A few weeks ago (August 20, 2019 to be exact) Pure Storage released Purity 5.3. This was an exciting time for us as it is a release with several new features and updates. In case you haven’t heard or read about it, one of those things was called EncryptReduce, which my colleague Cody Hosterman has already blogged about. So feel free to take a peek at that too while you’re investigating new features!
But that is not what we are going to be discussing today, instead we will be covering the topic of Quality of Service (QoS) and what important changes we have made with this release.

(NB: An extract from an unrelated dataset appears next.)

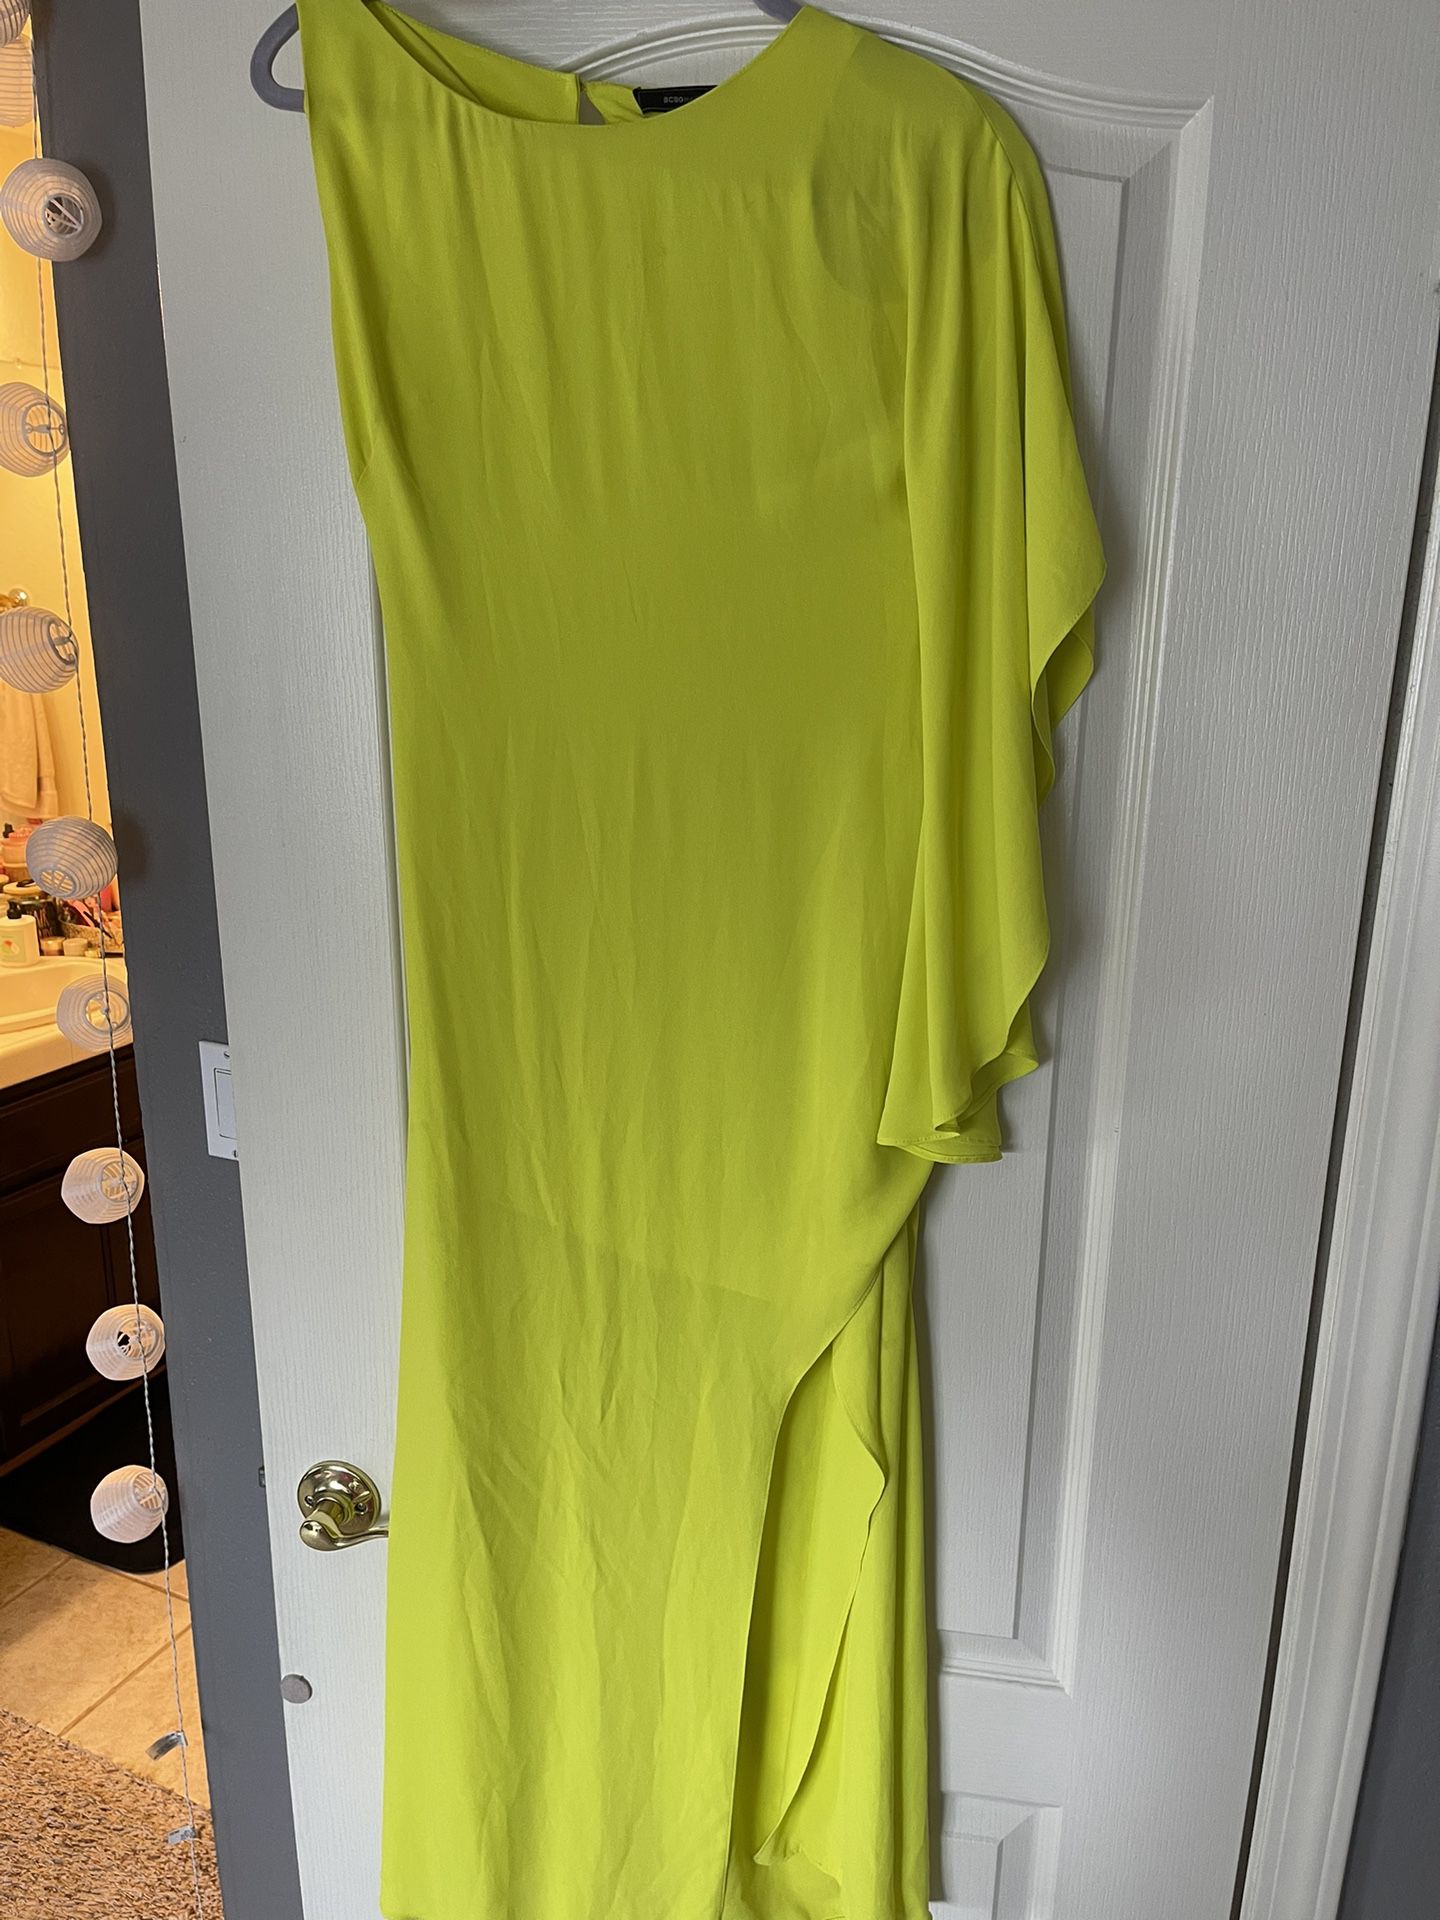 Long Neon Yellow Dress

We have actually had QoS baked into our Purity Operating Environment for quite some time, since before Purity 5.0. Although it was Purity 5.0 where “Always On QoS” was introduced. With each subsequent release there has been a targeted effort to not only harden this critical feature but to allow for more flexible / fine tuning. Afterall, that is what QoS is for, to allow administrators to set reasonable limits for individual workloads in their respective environment(s).
So without further ado let’s look at what has been changed / added:
- Adds QoS IOPS limits for volumes and volume groups
- Displays QoS limits in the Volumes page
- Adds QoS information to downloaded CSV files
So let’s go through these one by one real quick to give a comprehensive overview.

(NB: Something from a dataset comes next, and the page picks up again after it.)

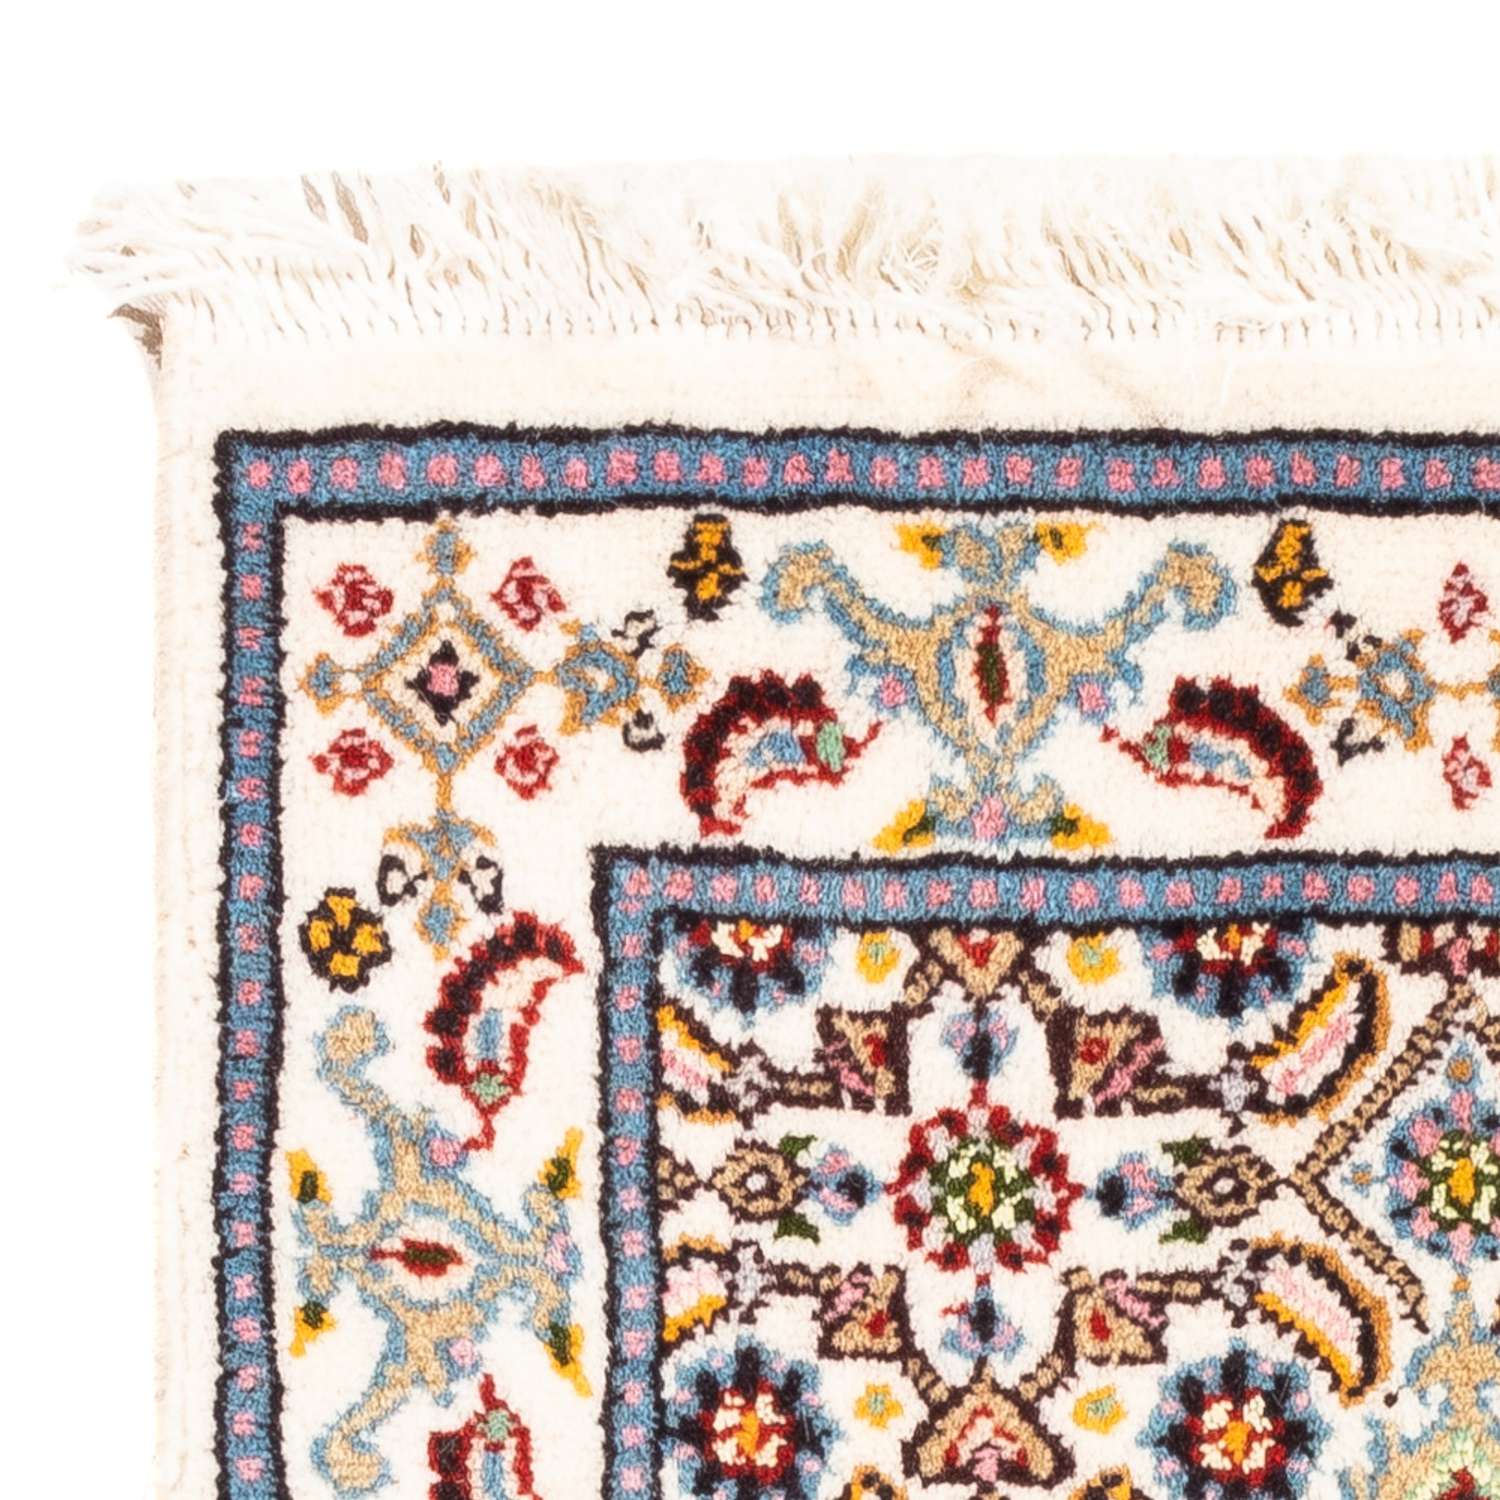 Tapis persan - Classique - Royal - 60 x 40 cm - multicolore

QoS IOPS limits for volumes and volume groups
In previous versions of Purity you had the ability to impose limits on individual volumes by bandwidth only. This could be done via GUI or CLI; below is an example of what this looked like:
pureuser@sn1-m20-e05-28> purevol setattr --bw-limit 100M sn1-m20-e05-28-dev-ds Name Size Bandwidth Limit (B/s) sn1-m20-e05-28-dev-ds 1T 100M
You could then check to see which volumes had QoS enabled by running the ‘purevol list –qos’ command, as noted below:
pureuser@sn1-m20-e05-28> purevol list --qos Name Size Bandwidth Limit (B/s) sn1-m20-e05-28-dev-ds 1T 100M sn1-m20-e05-28-dev-ds2 1T - sn1-m20-e05-28-prod-ds 1T - sn1-m20-e05-28-prod-ds2 1T - sn1-m20-e05-28-prod-iSCSI 1T - workload-ds 5T -
Here we can see that only one volume has the QoS limitations set, which is the volume example listed previously.

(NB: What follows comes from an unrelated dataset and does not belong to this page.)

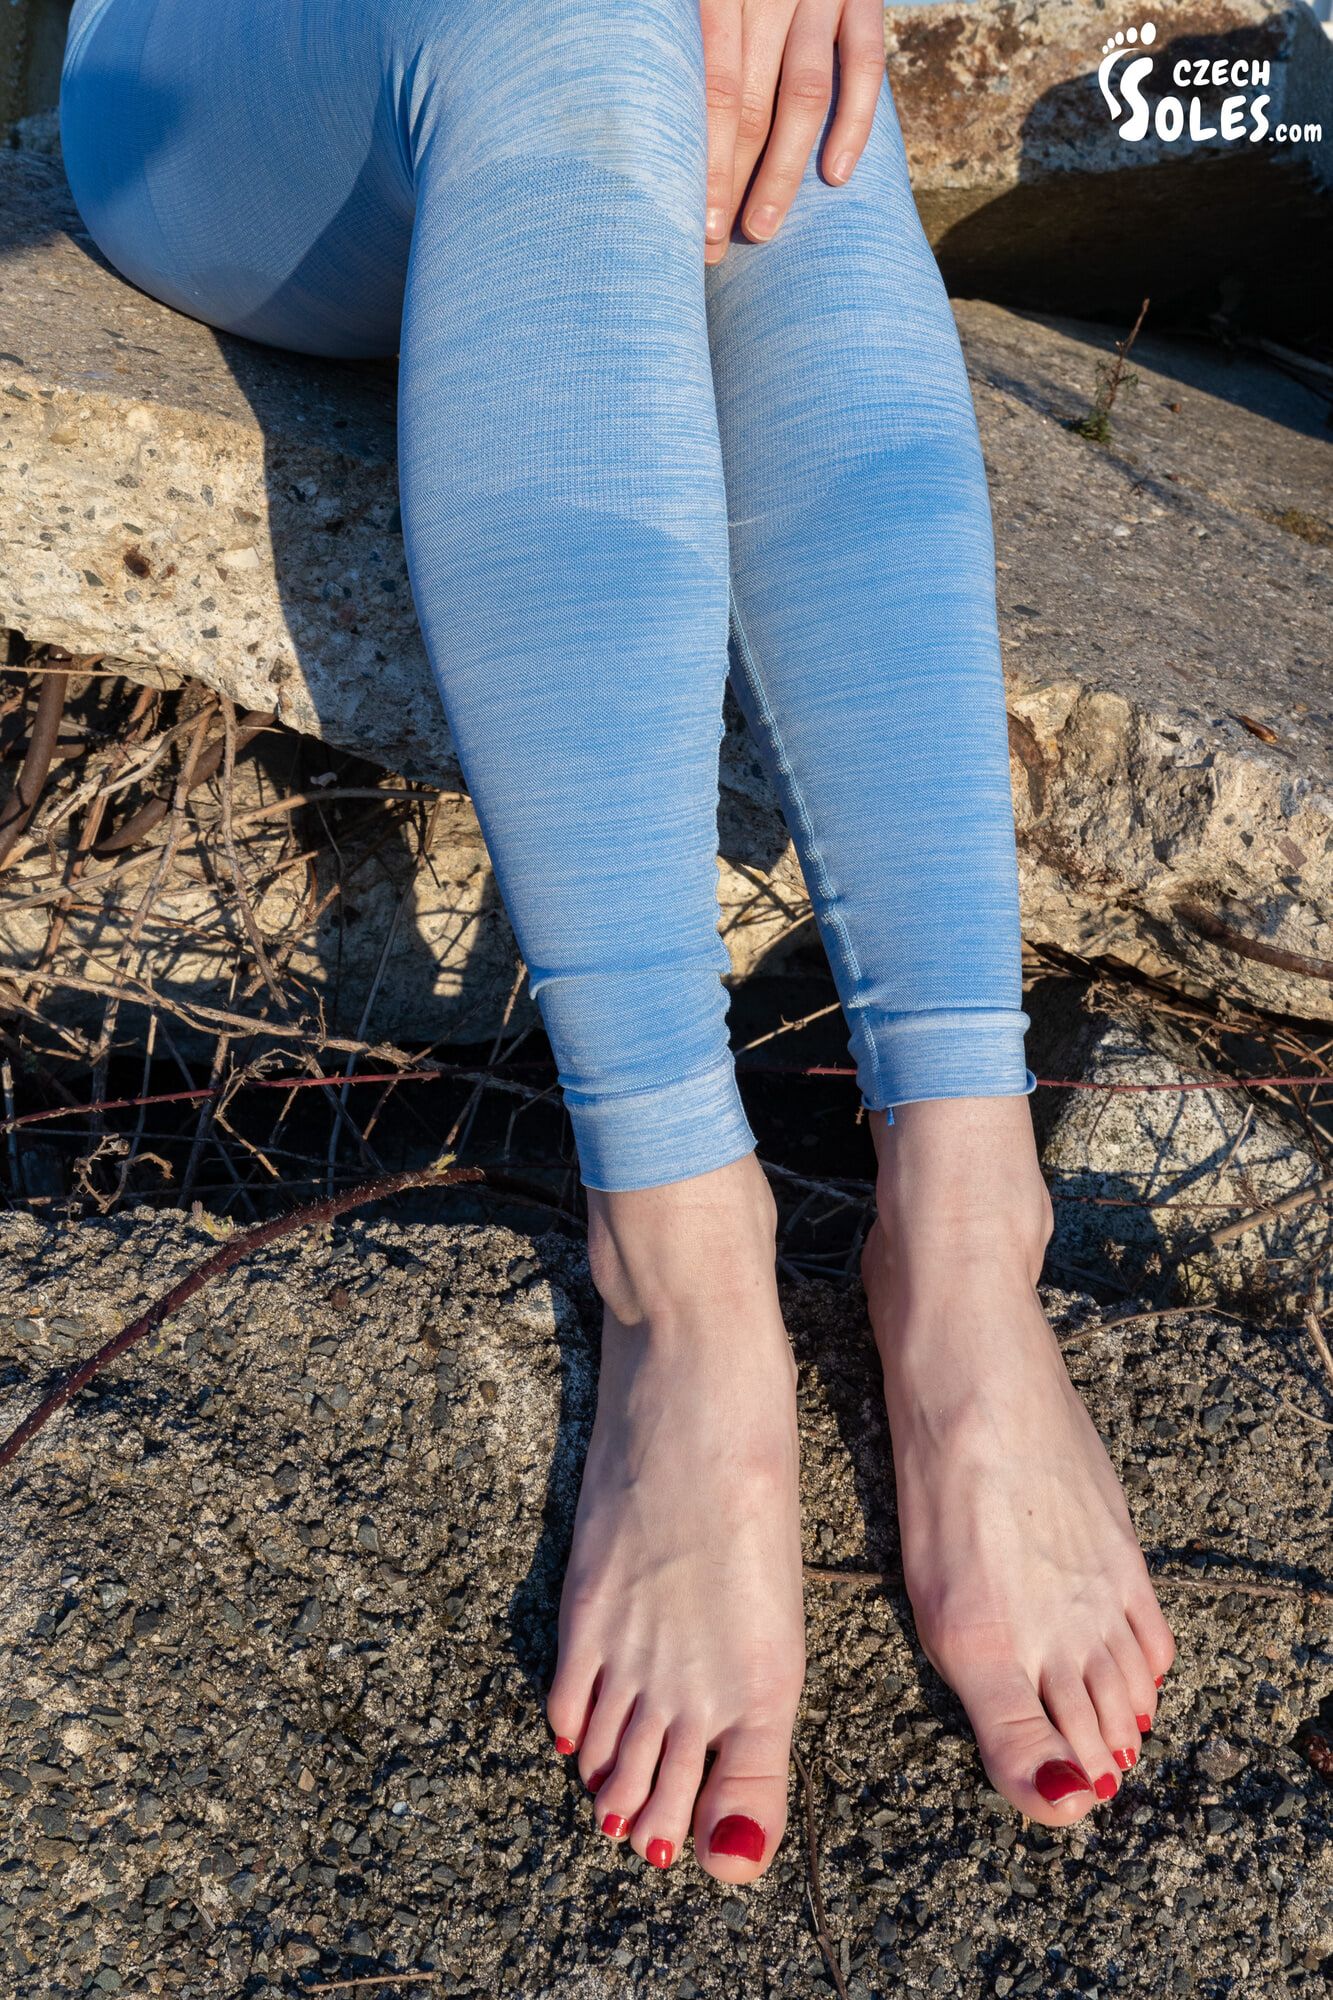 Jogging feet and white socks tease #7

Now if we migrate a VM that is running ~800MB/s of I/O to a different volume, and move it to this newly restricted volume, we can see the dramatic drop occur instantly as QoS limits are enforced:
Now with Purity 5.3 though you can impose BW limitations on volumes and volume groups (vgroups). Additionally, you can also enforce IOPS limitations for both object types as well.
Since the volume is pretty straightforward let’s show an example of imposing a limit on a vgroup. By imposing a limit on the vgroup this will enforce a limit for all volumes contained within that vgroup collectively. So if my limitation is say 2,000 IOPS on the vgroup, then all of the volumes associated with that vgroup are unable to send more than 2,000 IOPS collectively to the FlashArray. Let’s illustrate this to make it a little clearer.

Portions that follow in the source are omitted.